🤖 AI Summary
This work addresses the critical challenge in automated program repair of accurately and efficiently retrieving files relevant to a given bug. The authors propose a hybrid retrieval approach that integrates semantic search based on the problem description with file matching derived from historically similar issues. By employing a dual-path recall and reranking mechanism, the method significantly improves recall of relevant files while maintaining a controlled retrieval scope. Innovatively combining the semantics of the current issue with historical repair experience, the approach demonstrates strong effectiveness on the SWE-Bench benchmark, yielding a high-quality, low-noise candidate file set that effectively supports downstream repair processes.
📝 Abstract
Retrieving the correct set of files from a large codebase is a crucial step in Automated Program Repair (APR).

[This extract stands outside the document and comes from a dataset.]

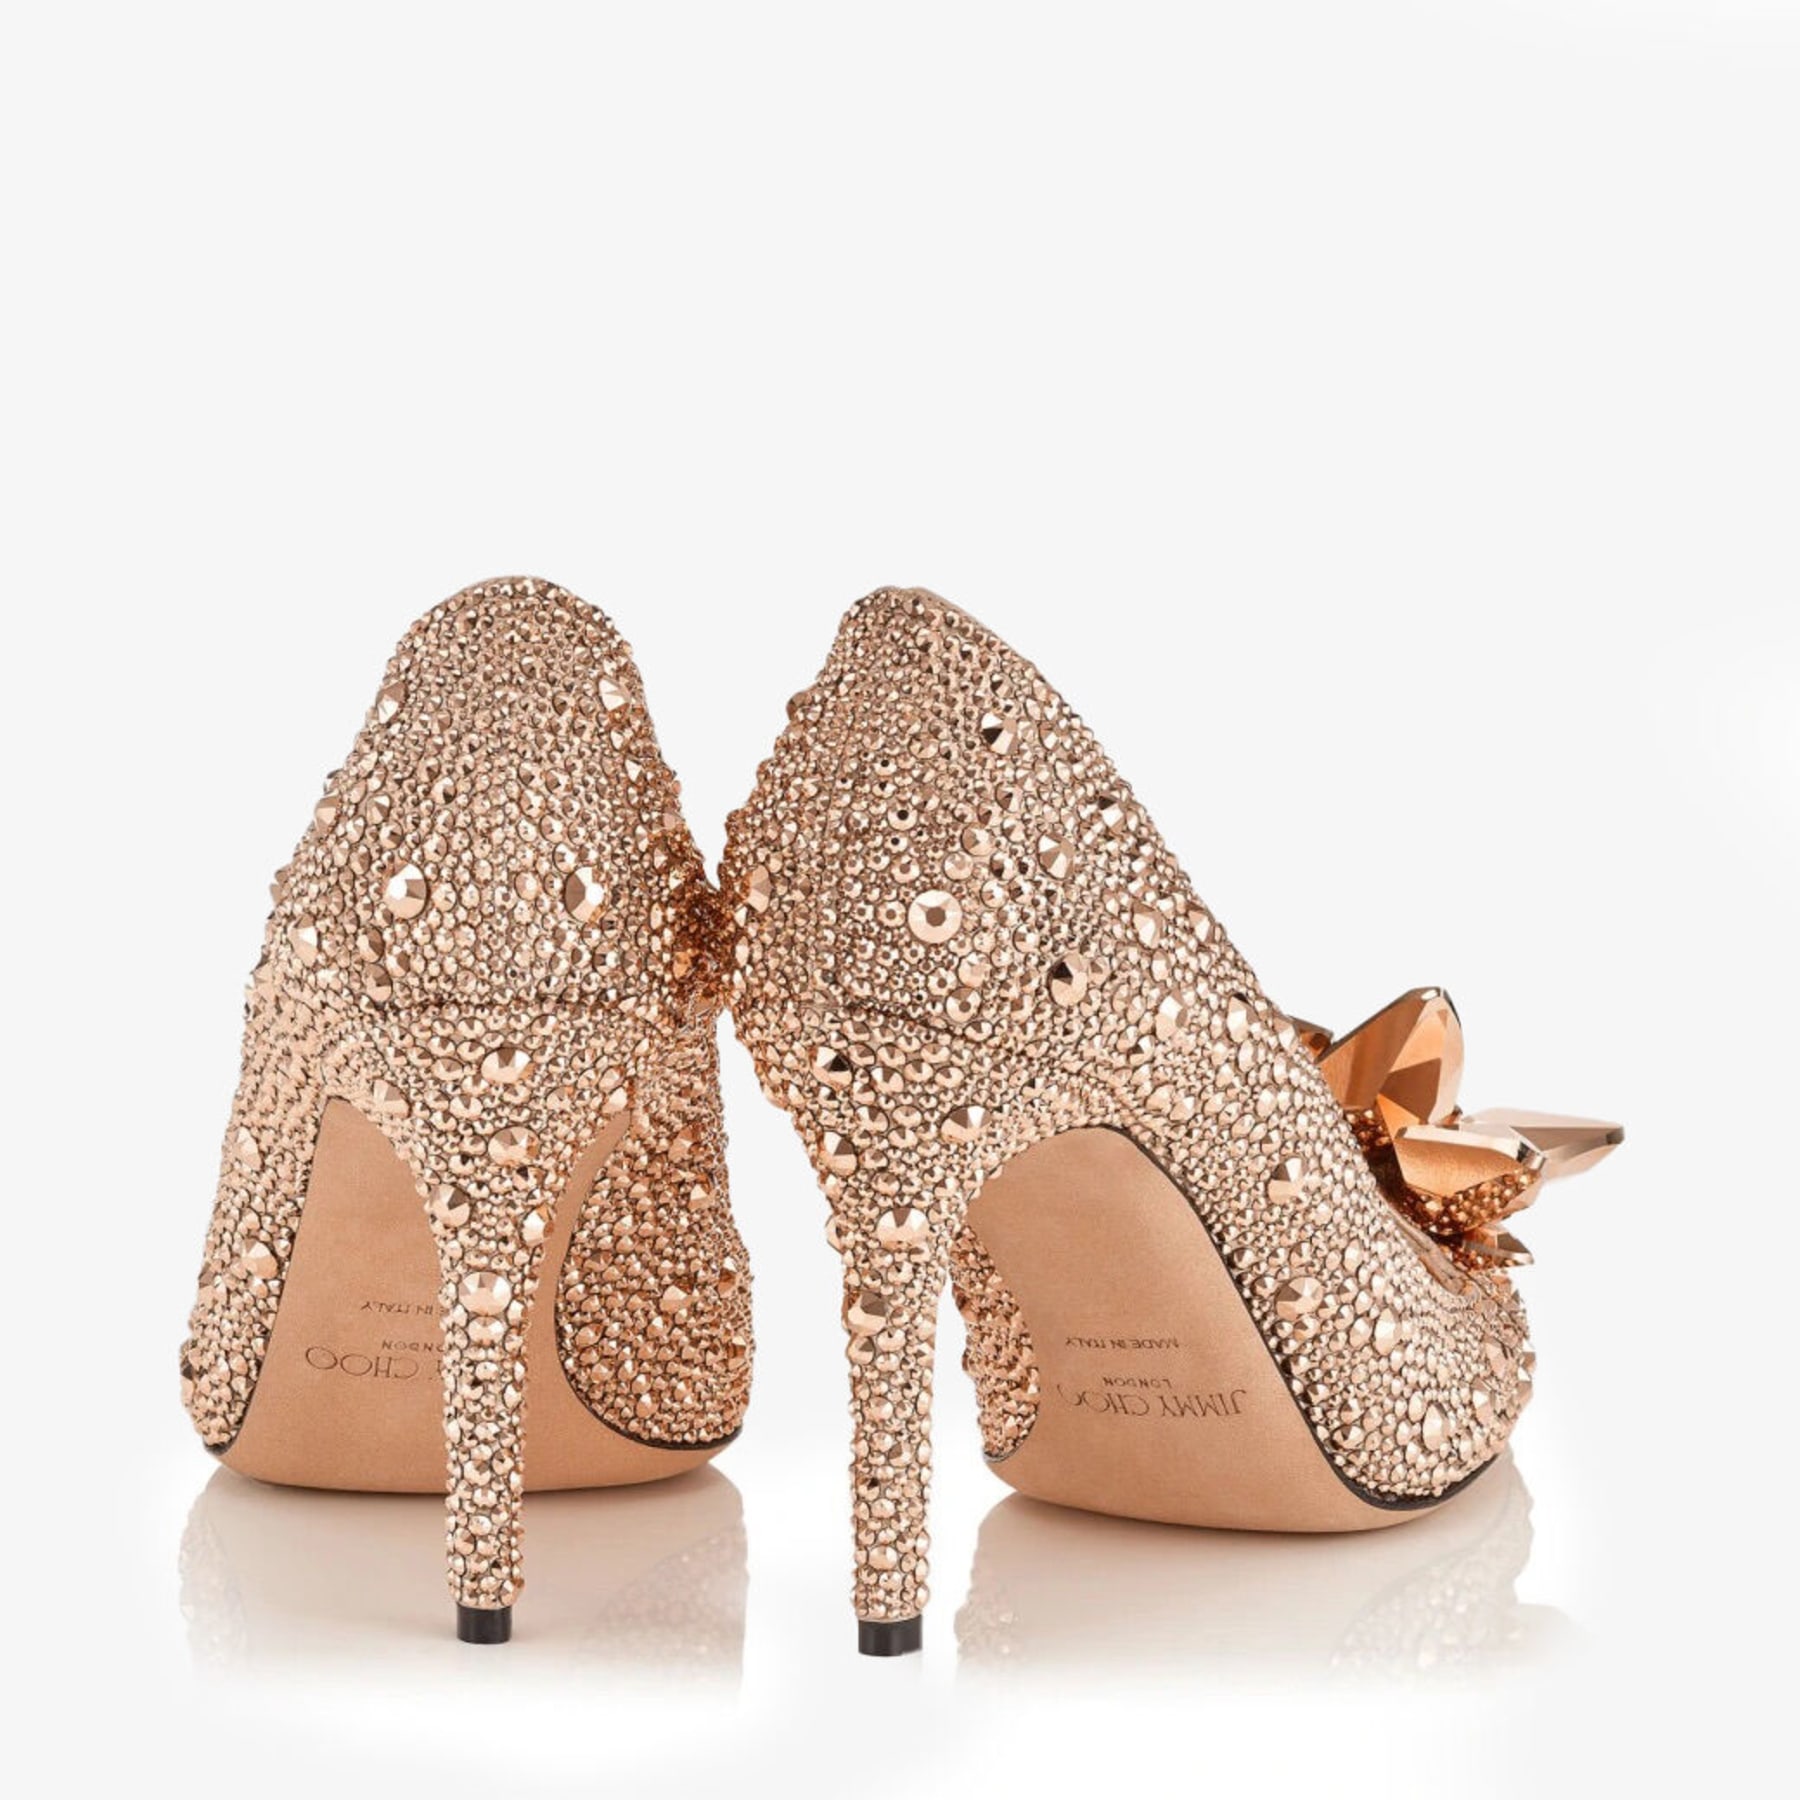 8 Best Rose gold heels wedding ideas | heels, me too shoes, sandals heels-hkpdtq2012.edu.vn

High recall is necessary to ensure that the relevant files are included, but simply increasing the number of retrieved files introduces noise and degrades efficiency. To address this tradeoff, we propose PatchRecall, a hybrid retrieval approach that balances recall with conciseness. Our method combines two complementary strategies: (1) codebase retrieval, where the current issue description is matched against the codebase to surface potentially relevant files, and (2) history-based retrieval, where similar past issues are leveraged to identify edited files as candidate targets. Candidate files from both strategies are merged and reranked to produce the final retrieval set. Experiments on SWE-Bench demonstrate that PatchRecall achieves higher recall without significantly increasing retrieved file count, enabling more effective APR.